Deciphering (epi)genetics interplay in colorectal cancer


In this project, we focus on colorectal cancer. Our primary interest is to generate and utilize omics data obtained from patient biospecimen and conduct data analyses.

Our goals are to:

  1. identify the global molecular upheaval associated by studying the interplay between the genomics / epigenomics / transcriptomics changes; and
  2. examine the molecular data together with detailed clinical patient information to reveal key, novel aberrations/signatures that can be used for diagnosis, prognosis, or treatment. 


We will examine the gold cohort data produced by the Atlantic Cohort Consortium (n=260). This project will take advantage of the logistics put in place during the phase 1 project, where connections between Biobank, sequencing facility, bioinformatics core and IT infrastructure were set.

Although numerous studies have identified several variants useful for colorectal cancer diagnostic and therapeutical strategies, these variants fall, for the most part, within coding genes, which represent only 2% of the entire genome. Here, we aim to explore genomic and epigenomic aberrations in the non-coding genome, with a focus on regulatory elements, known to be more tissue/cell-specific than genes. For this purpose, we will perform H3k27ac ChIPSeq to map active non-coding regions and integrate it with other omics data to be generated from the patients. We also aim to explore the relationship between the molecular variables and patient / disease features (such as, age of diagnosis, tumor histology).

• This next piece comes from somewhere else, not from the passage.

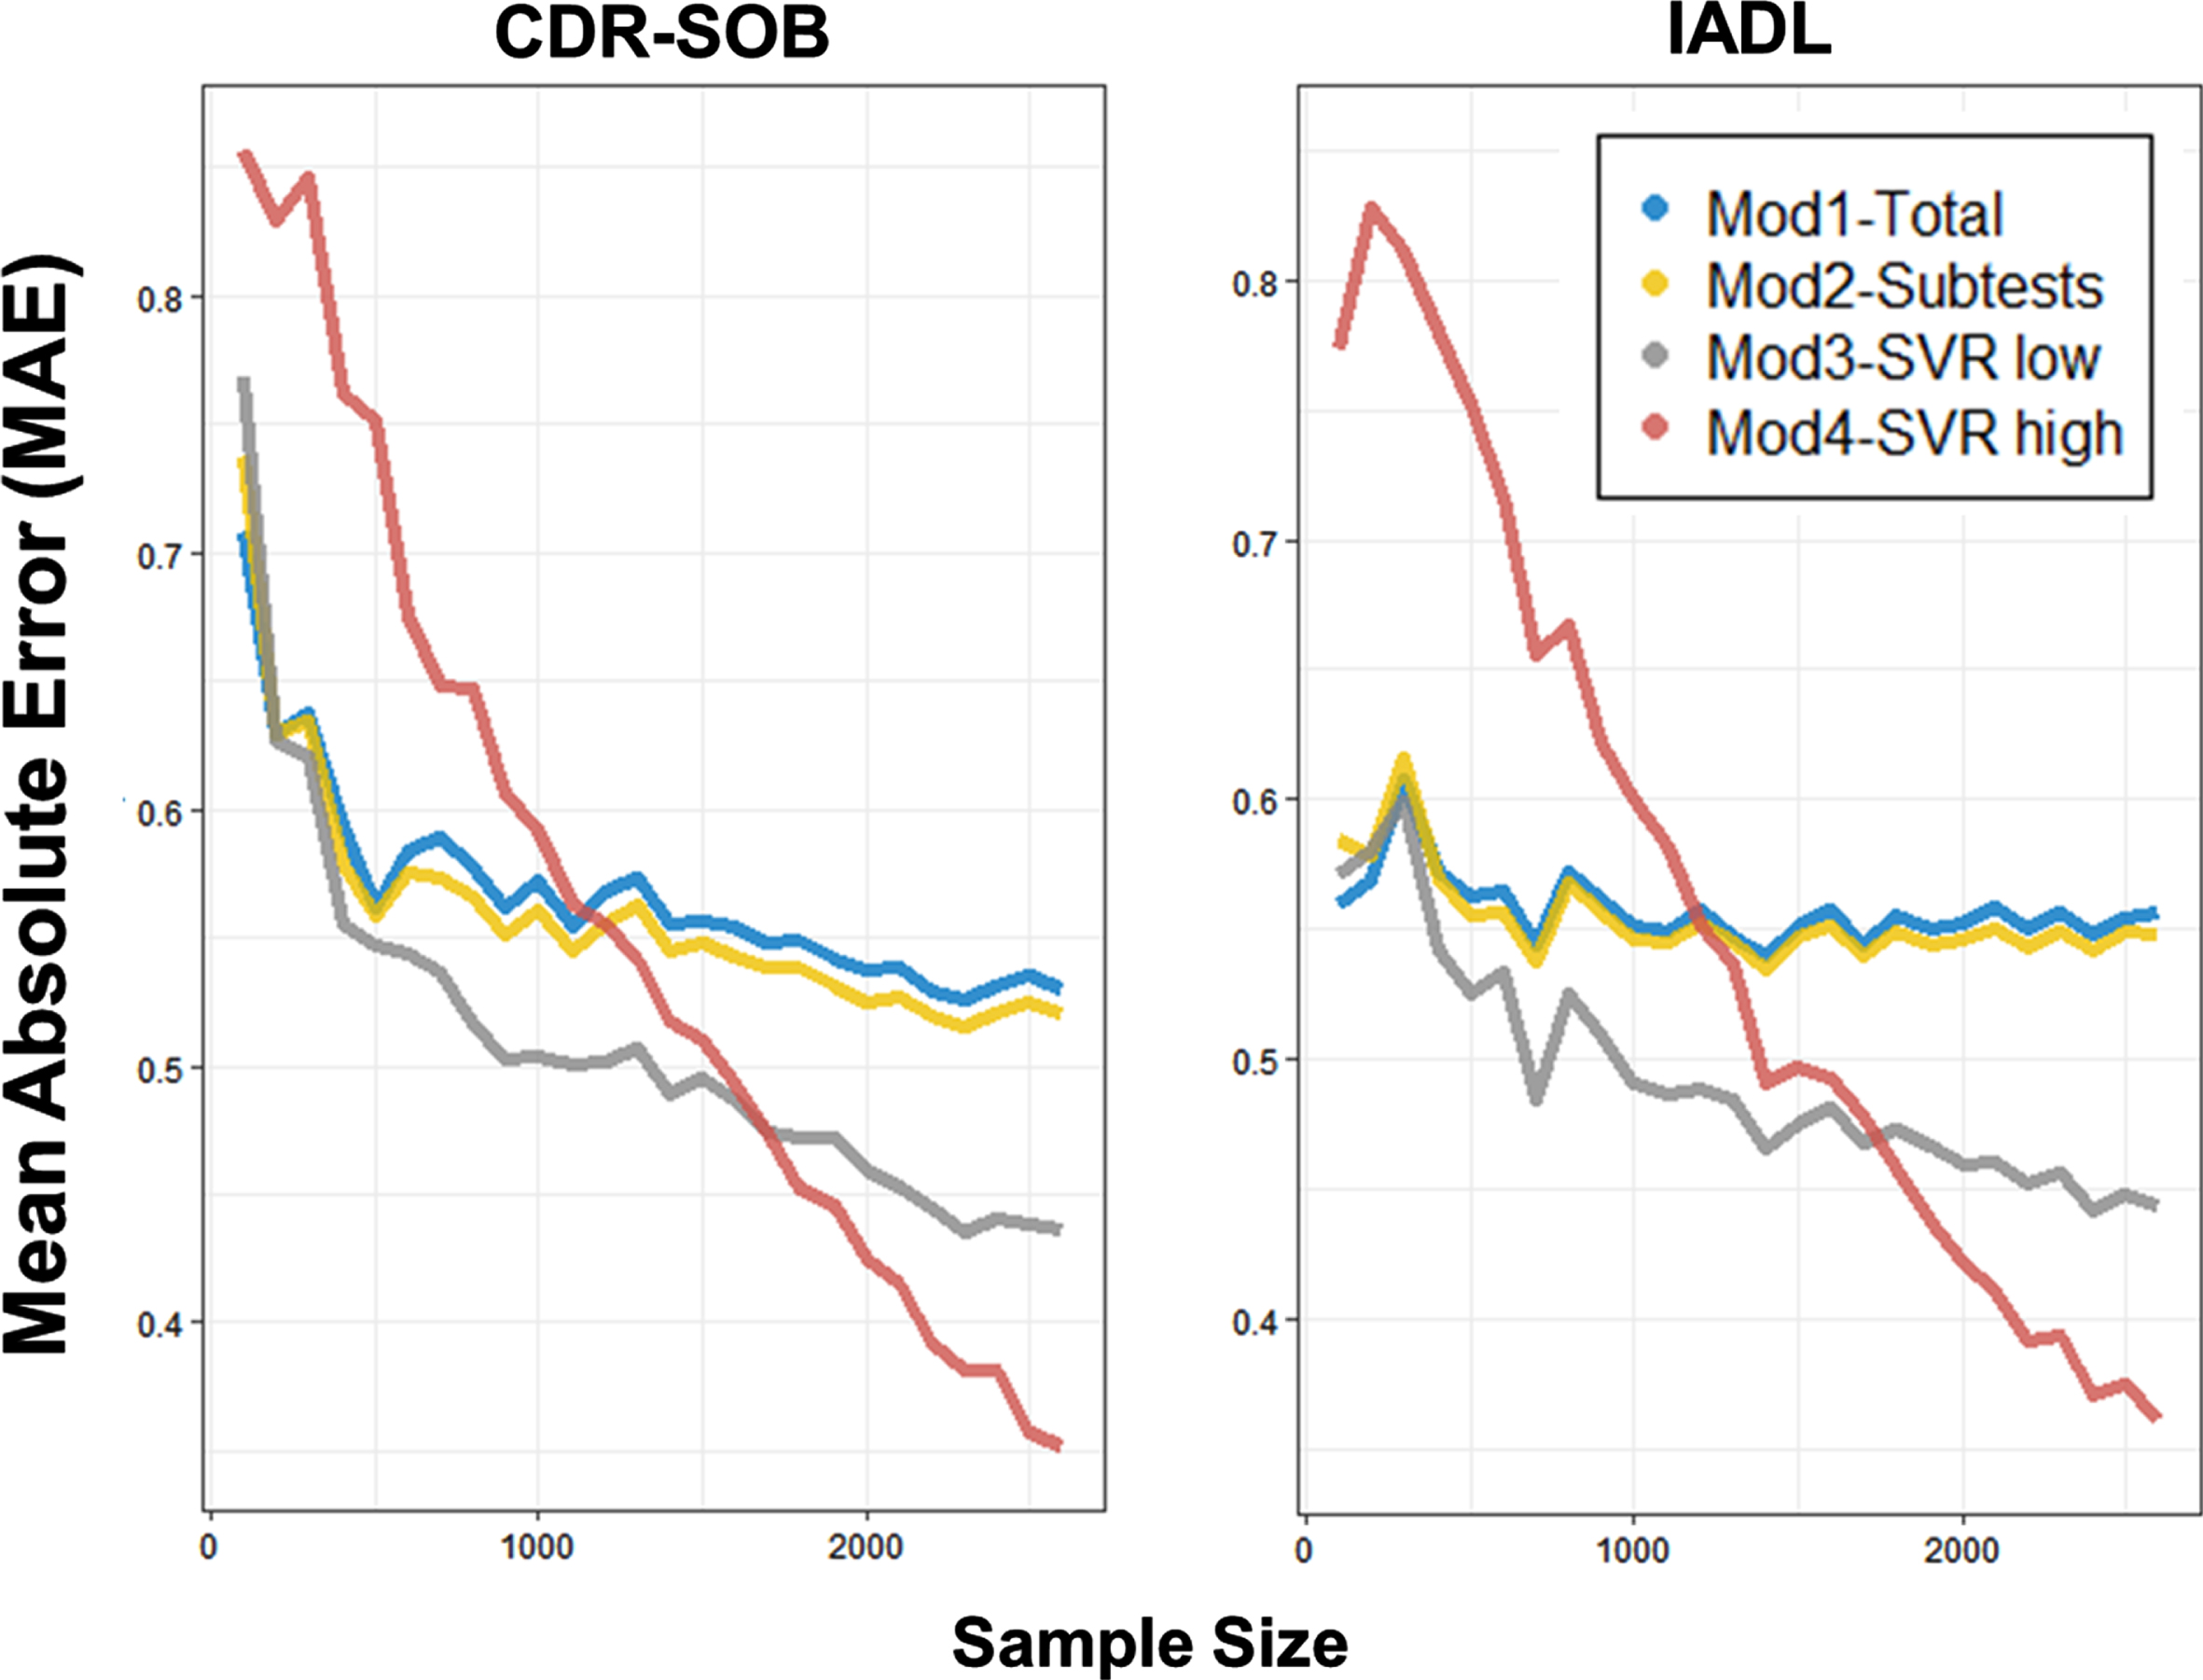 Sample size effects on the predictive accuracy of Clinical severity (CDR-SOB) and Instrumental daily functioning (IADL). Sample size increased from 100 to 2,600 by 100 units.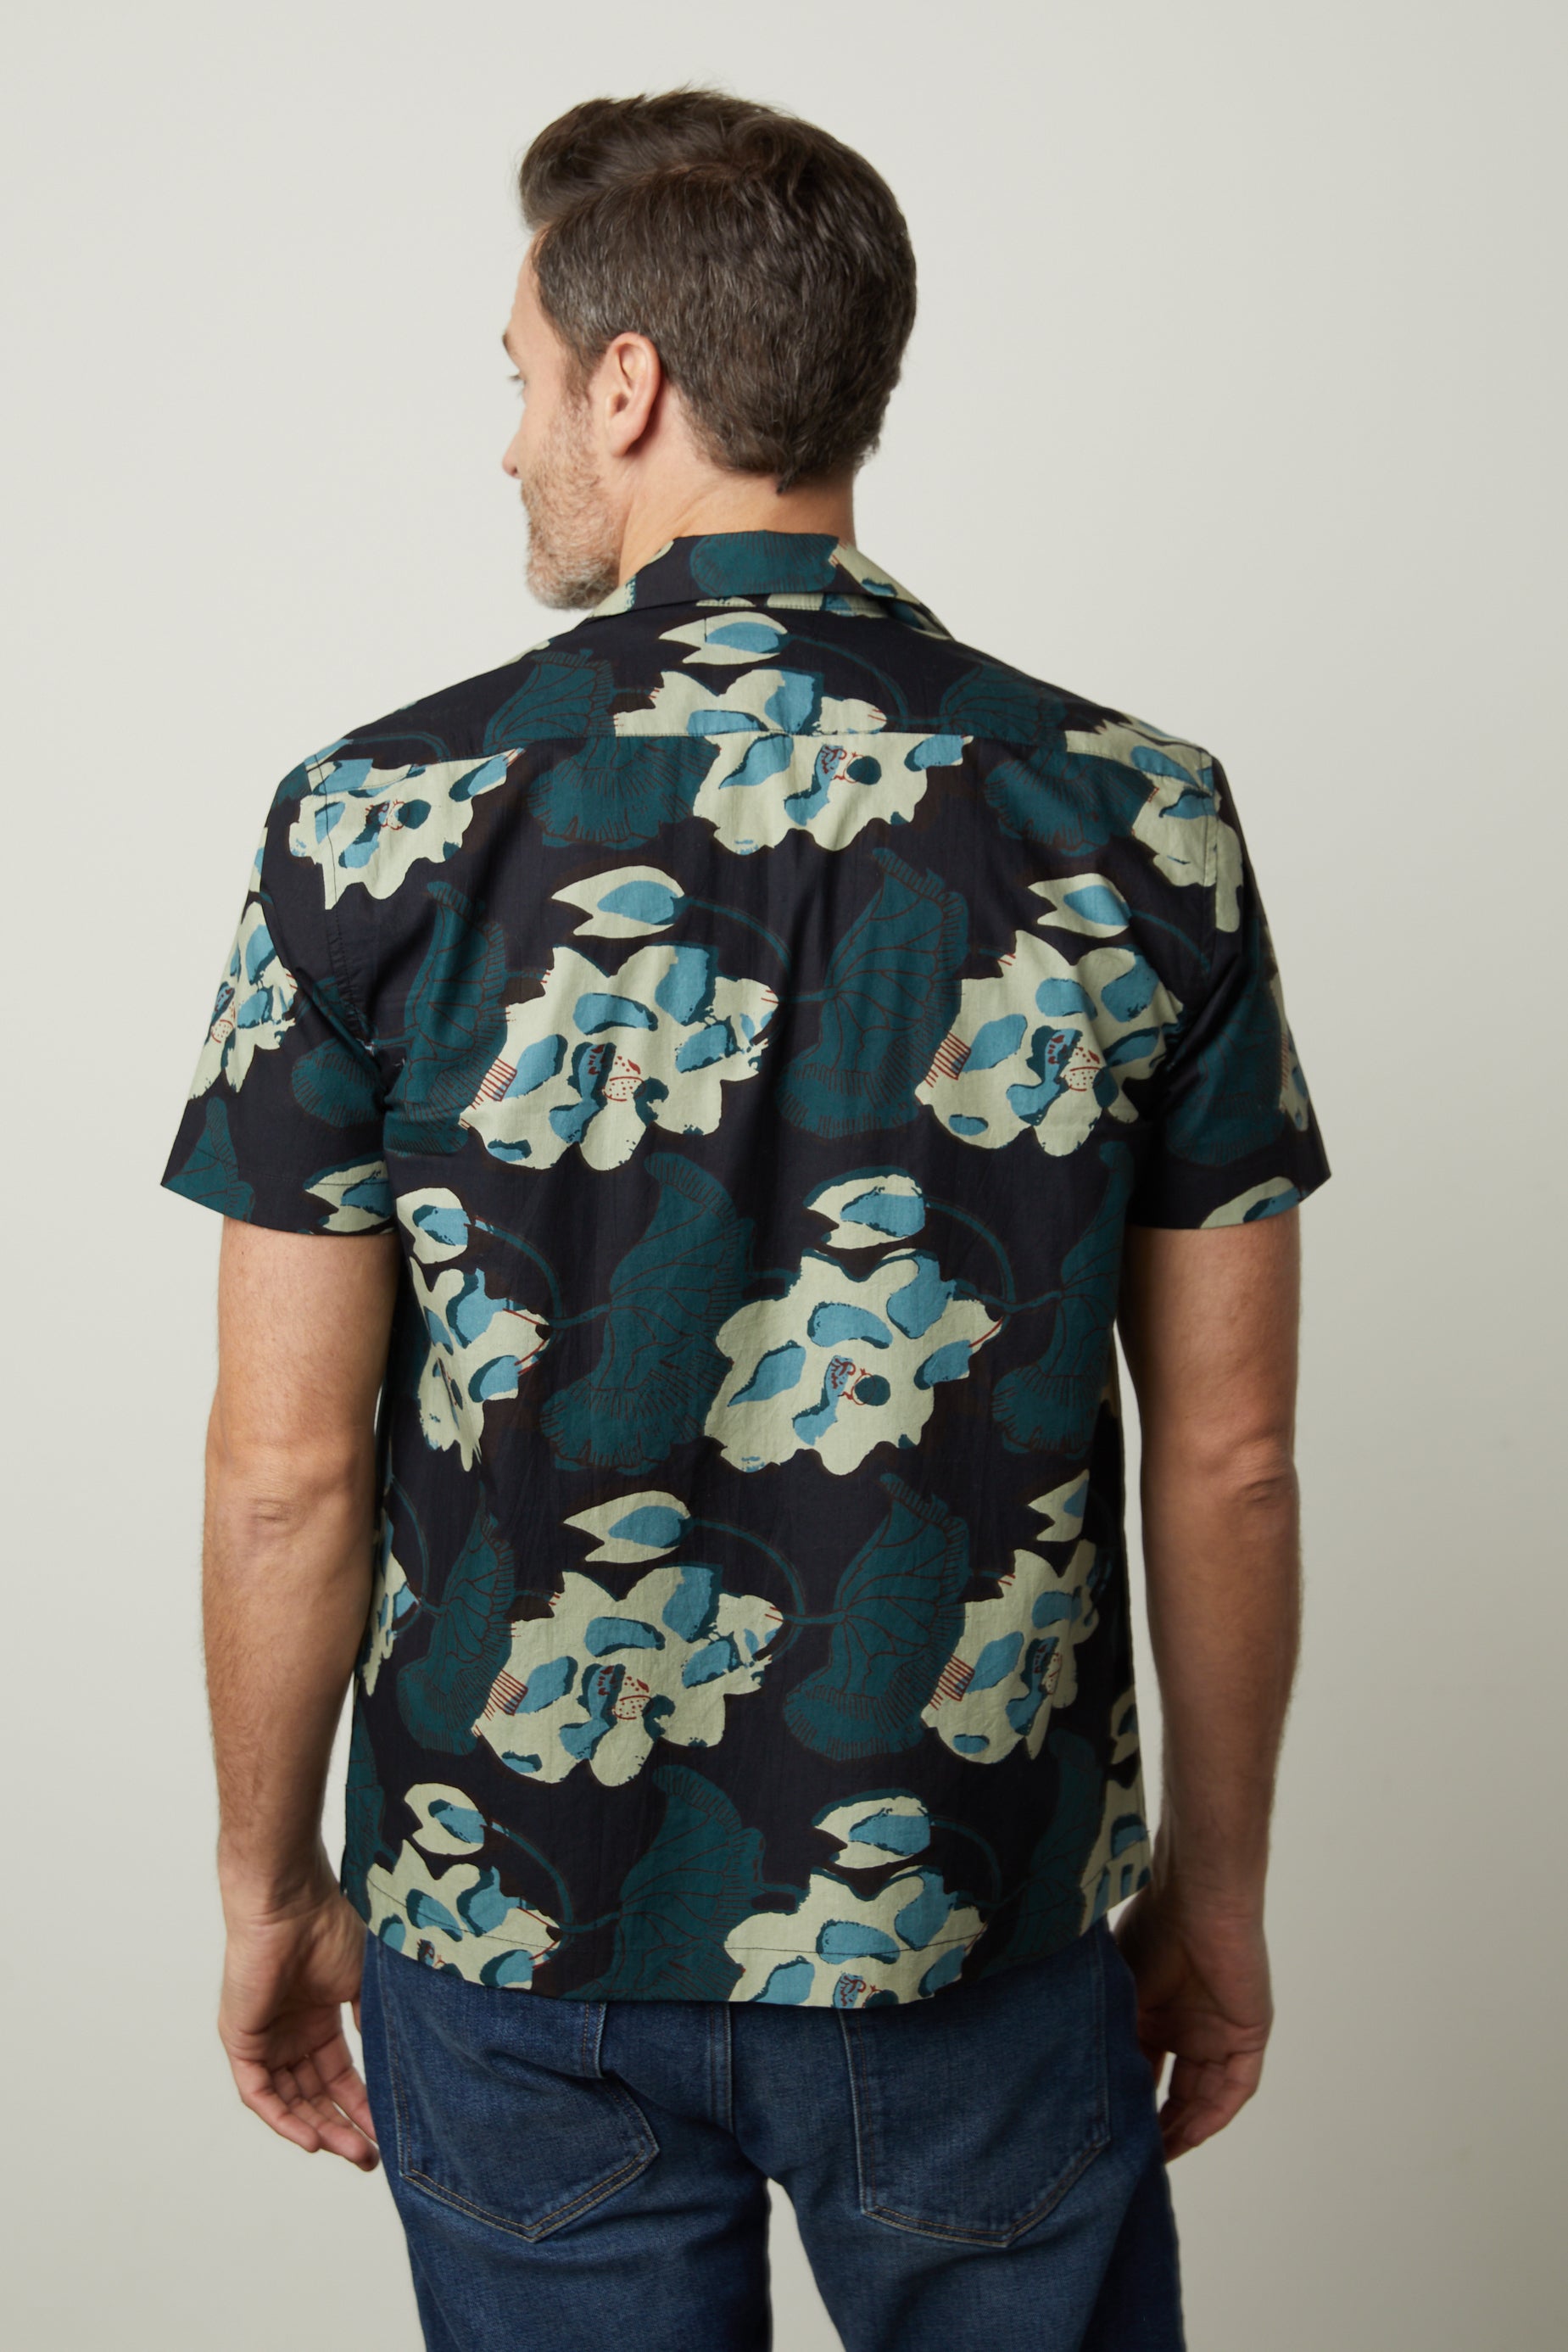   The back view of a man wearing a Velvet by Graham & Spencer IGGY PRINTED BUTTON-UP SHIRT.

Key deliverables expected are:

  1. H3k27ac ChIPseq data will be obtained for 40 CRC patients;
  2. Germline and somatic variation landscape for 260 CRC patient will be identified;
  3. Pathways involved in tumorigenesis by studying the interplay between the data obtained for each patients (RNAseq, ChIPseq, and WGS) will be explored;
  4. Non-coding regulatory elements involved in tumorigenesis will be identified;
  5. Relations between variants and demographic (e.g. age of onset) and tumor (e.g. stage and histopathology) features will be identified. We will also explore novel interactions among the molecular variables in relation to these features; and
  6. We will identify candidate prognostic and/or predictive associations of variants in the patient cohort.